For years, discount in North America was dominated by dollar stores and big-box merchants such as Walmart. The European hard discount model did not translate stateside, due to a lack of affinity for private labels and the social stigma of ‘value shopping’.
But things are changing. The recession is over, but its effects on shoppers linger. Economic uncertainty has ignited demand for the once-shunned discount format. And it is no longer the specialists looking to capture market share. The past couple of weeks have seen the launch of two new discount concepts from major grocery retailers - Sobeys launched FreshCo in Ontario
and HEB’s Joe V’s Smart Shop opened in Texas. Smart & Final’s Smartco format debuts in Colorado next month and Giant Eagle continues to expand Valu King in the midwest. Each has the capability of transforming the discount concept into a fresh shopping experience.
The new formats take the most successful aspects of a discount store: offer a limited assortment, display products on pallets or in shelf-ready packaging and strip out ancillary services. The goal will be to capture share of the post-recession shopper, who may no longer be averse to buying private label or bringing their own carrier bags in exchange for low prices. But the stores will differ from traditional discounters in that their operators have years of experience in running well merchandised, grocery-led formats. HEB is arguably the most innovative grocer in the US, while Sobeys is the third largest Canadian supermarket operator. An emphasis on quality and innovation in a no-frills environment will set them apart.
Sobeys and HEB are up against Walmart, which in Texas knocked HEB from the number one position and now has a share of more than a third in the state.
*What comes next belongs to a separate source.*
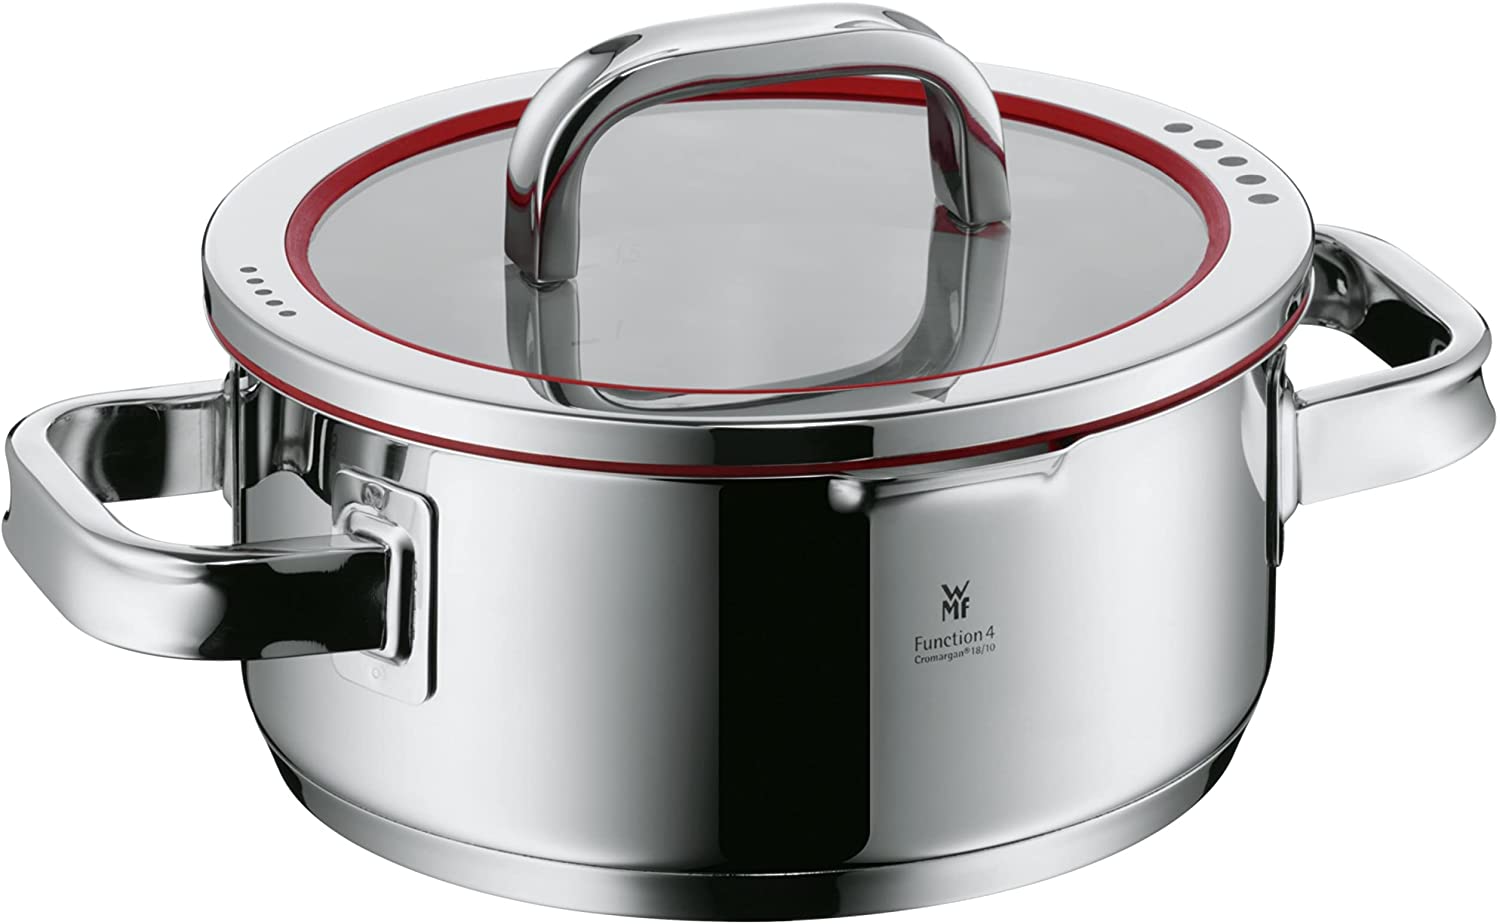 WMF cookware Ø 20 cm approx. 2,5l Function 4 Inside scaling lid - pour off or decant liquids without spilling to keep your dishes and cooker clean. Hollow side handles glass lid Cromargan stainless steel brushed suitable for all stove tops including induction dishwasher-safe

In Canada, Walmart only began selling food through its Supercenter format in 2006. There are now 84 Supercenters.
So, ongoing price competition in the market, combined with a step-change in shopper mentality will continue to fuel growth of the discount format in North America, which is expected to grow 8.6% on an annualised basis over the next five years. Dollar General, Aldi and Save-A-Lot will be the key players, opening nearly 1,000 stores in 2010 alone.
But now the grocery specialists are making a play for the sector, the bar will be raised and it is fair to say the discount sector will soon be about much more than just low prices.